Transfer CLIP for Generalizable Image Denoising

Jun Cheng,Dong Liang,Shan Tan
2024-03-22
Abstract:Image denoising is a fundamental task in computer vision. While prevailing deep learning-based supervised and self-supervised methods have excelled in eliminating in-distribution noise, their susceptibility to out-of-distribution (OOD) noise remains a significant challenge. The recent emergence of contrastive language-image pre-training (CLIP) model has showcased exceptional capabilities in open-world image recognition and segmentation. Yet, the potential for leveraging CLIP to enhance the robustness of low-level tasks remains largely unexplored. This paper uncovers that certain dense features extracted from the frozen ResNet image encoder of CLIP exhibit distortion-invariant and content-related properties, which are highly desirable for generalizable denoising. Leveraging these properties, we devise an asymmetrical encoder-decoder denoising network, which incorporates dense features including the noisy image and its multi-scale features from the frozen ResNet encoder of CLIP into a learnable image decoder to achieve generalizable denoising. The progressive feature augmentation strategy is further proposed to mitigate feature overfitting and improve the robustness of the learnable decoder. Extensive experiments and comparisons conducted across diverse OOD noises, including synthetic noise, real-world sRGB noise, and low-dose CT image noise, demonstrate the superior generalization ability of our method.
Computer Vision and Pattern Recognition,Image and Video Processing
What problem does this paper attempt to address?

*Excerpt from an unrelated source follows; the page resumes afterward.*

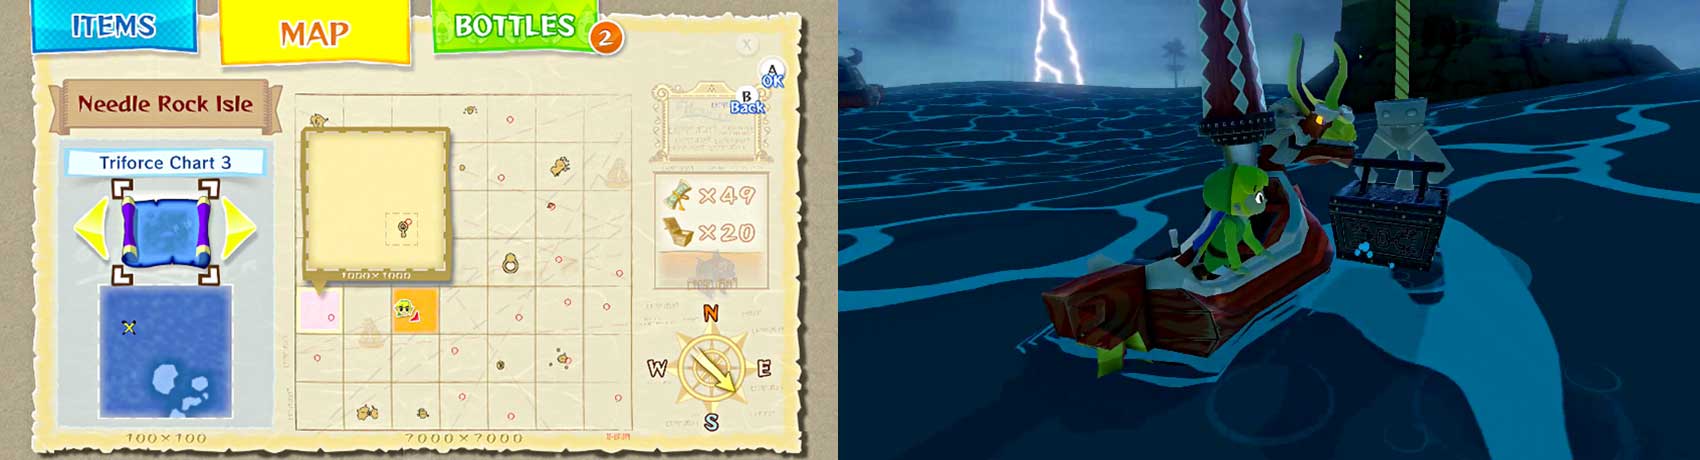 Now, you will using these charts like any other charts. When you sail to the proper spot, use the map to find the treasure marked with the X and use the Grappling Hook to get the treasure.
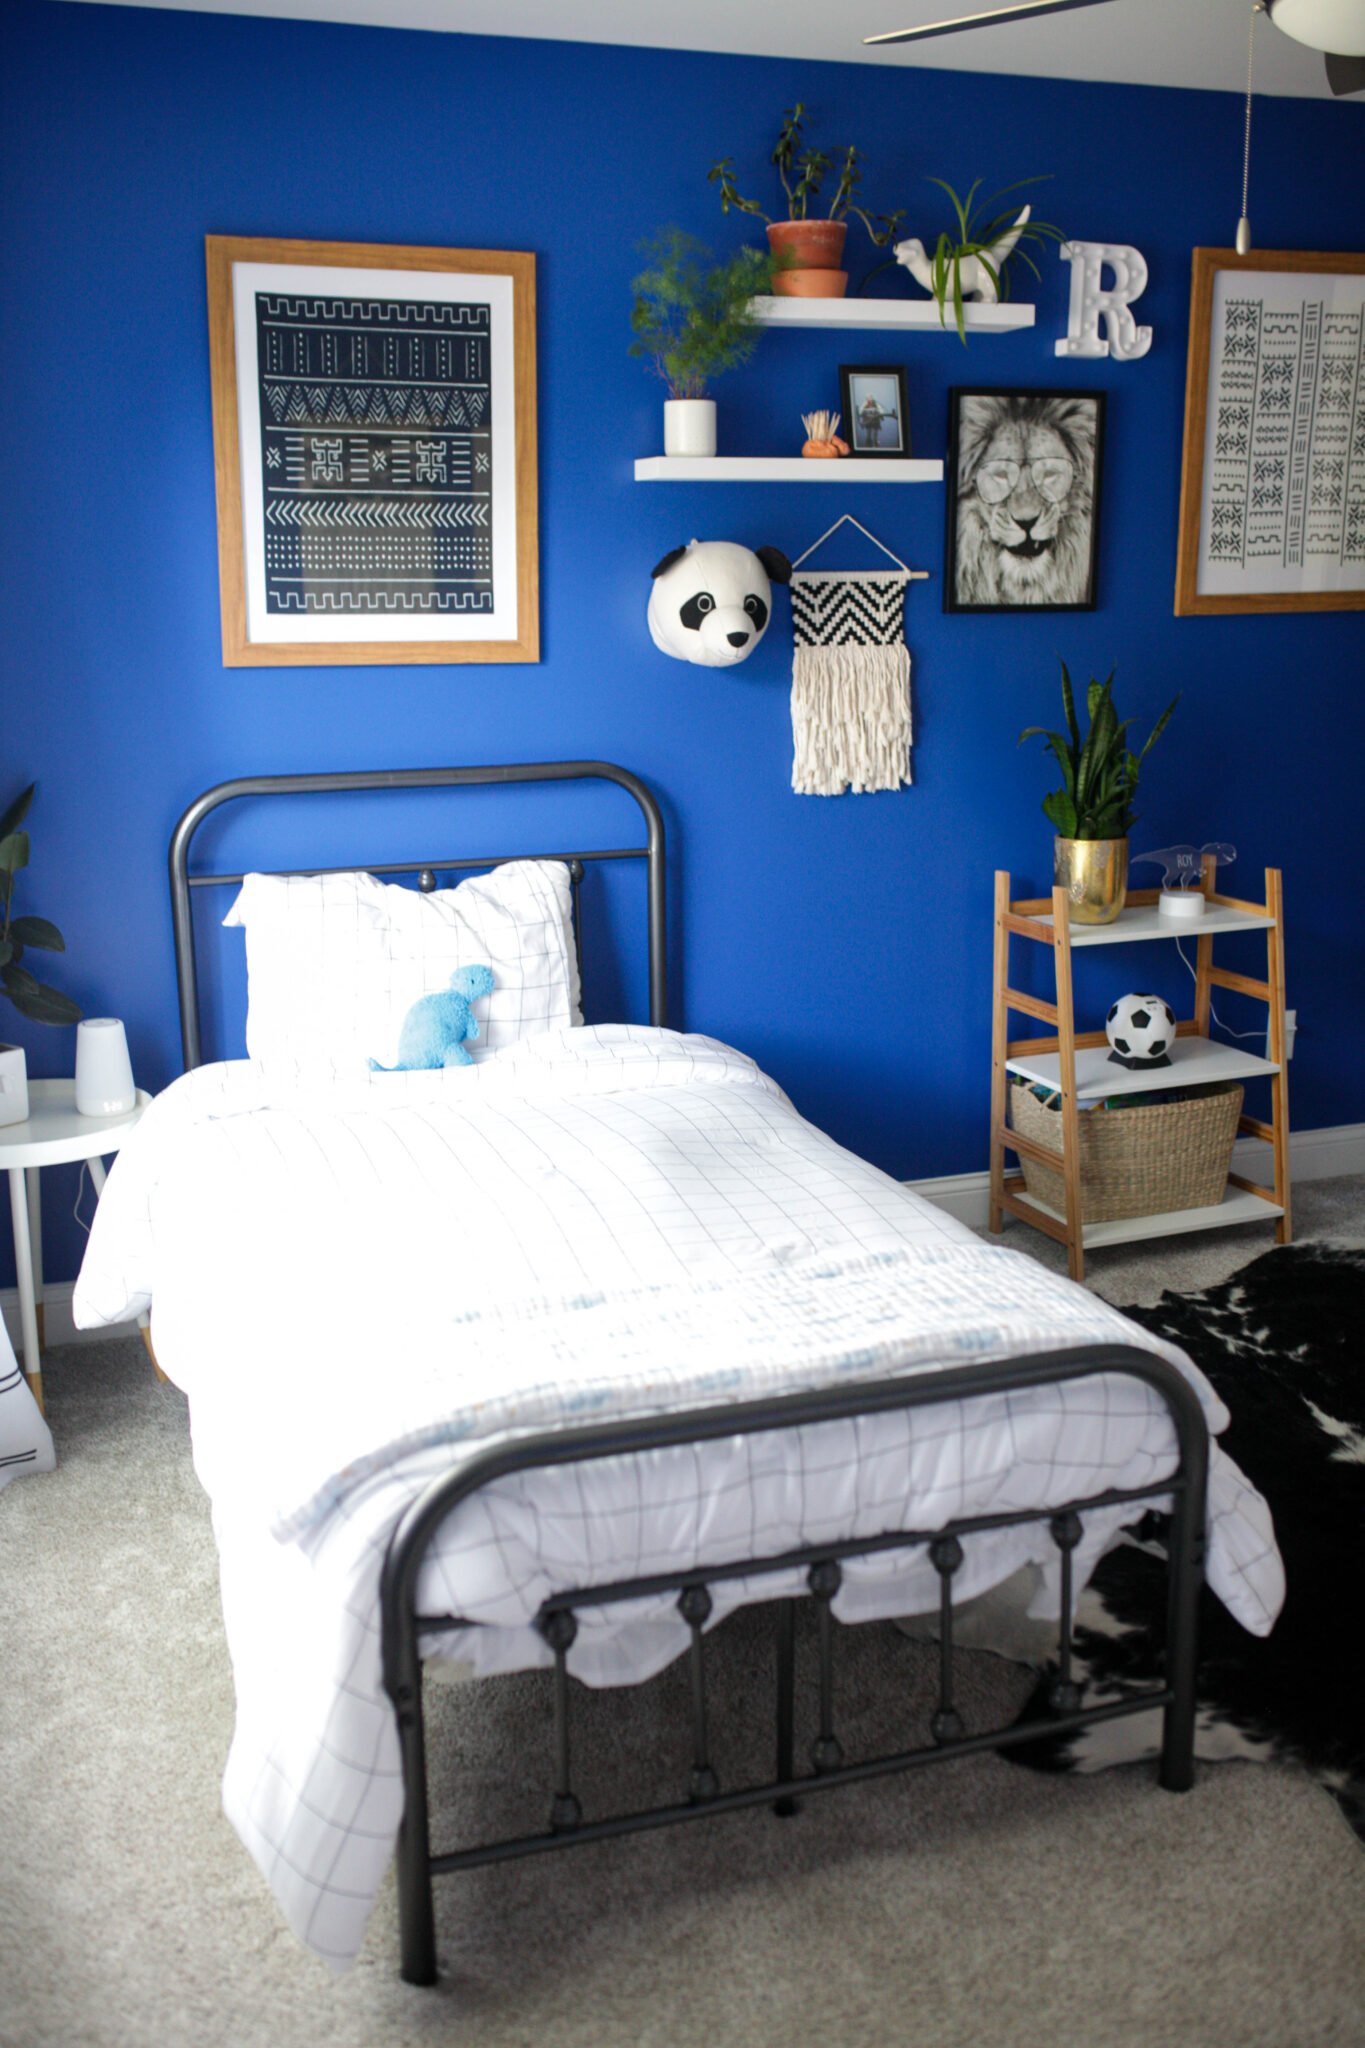 Bed and gallery wall in bright blue boys bedroom

This paper discusses the possibility of using CLIP (Contrastive Language-Image Pre-training) for general image denoising. Current deep learning denoising methods perform poorly when dealing with out-of-distribution noise, i.e., noise that is not present in the training set. The research found that the frozen ResNet encoder of CLIP has robust and content-related dense features at specific scales, making them suitable for general denoising. The paper proposes an asymmetric encoder-decoder network structure that combines the frozen ResNet encoder of CLIP with a learnable image decoder to achieve generalized denoising for different types of noise. Moreover, a step-wise feature enhancement strategy is proposed to mitigate potential feature overfitting during the training process. Experimental results demonstrate that this method exhibits superior generalization capabilities on various out-of-distribution noise.